Aysia H.
asked • 11/24/23Outside temperature over a day can be modeled as a sinusoidal function. Suppose you know the temperature varies between 59 and 71 degrees during the day and the average daily temperature first occurs at 8 AM. How many hours after midnight, to two decimal places, does the temperature first reach 61 degrees?
Yefim S. answered • 11/24/23
Math Tutor with Experience
T = 6sin(π/12t - 2π/3) + 65 = 61; sin(πt/12 - 2π/3) = - 2/3; π/12t - 2π/3 = - sin-1(2/3);
t = 12/π(2π/3 - sin-1(2/3)) = 5.21 h
So, at 5.21 AM temperature reaches 61 degrees.

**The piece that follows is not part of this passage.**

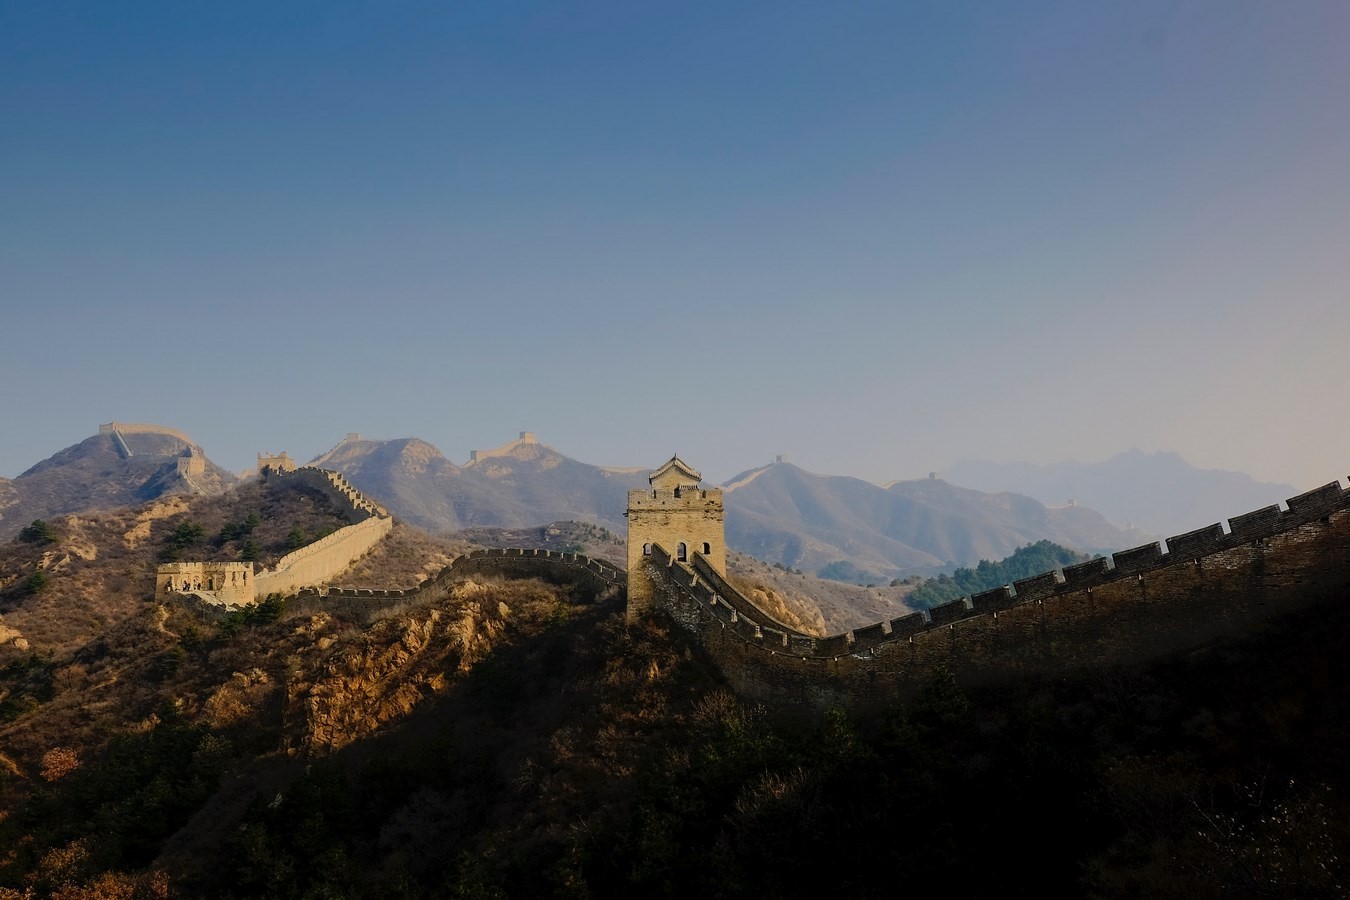 The Great Wall of China - Beijing, China - Sheet2

Bradford T. answered • 11/24/23
Retired Engineer / Upper level math instructor
Let T be temperature and t be time in hours
T = Asin(B(t+C))+D
D = (51+79)/2 = 65
High = A(1)+D
71= A+65
A = 6
Average temperature when B(8+C) = 0 --> C = -8
B=2π/period = 2π/24 = π/12
T = 6sin((π/12)(t-8))+65
61 = 6sin((π/12)(t-8))+65
sin((π/12)(t-8)) = -4/6 = -2/3
t = sin-1(-2/3)(12/π)+8
t=(-0.72972)(12/π)+8 = 5.21 hours
Make sure your calculator is set to radians when calculating sin-1(-2/3).
Mark M. answered • 11/24/23
Retired Math prof with teaching and tutoring experience in trig.
f(t) = temperature t hours after midnight
f((t) = Asin(Bt + C) + D
D = average temperature = (59 + 71) / 2 = 65
A = amplitude = 71 - 65 = 6
Period = 24 hours = 2π/B. So, B = π/12.
Phase shift = -C/B = 8. So, C = -8B = -2π/3.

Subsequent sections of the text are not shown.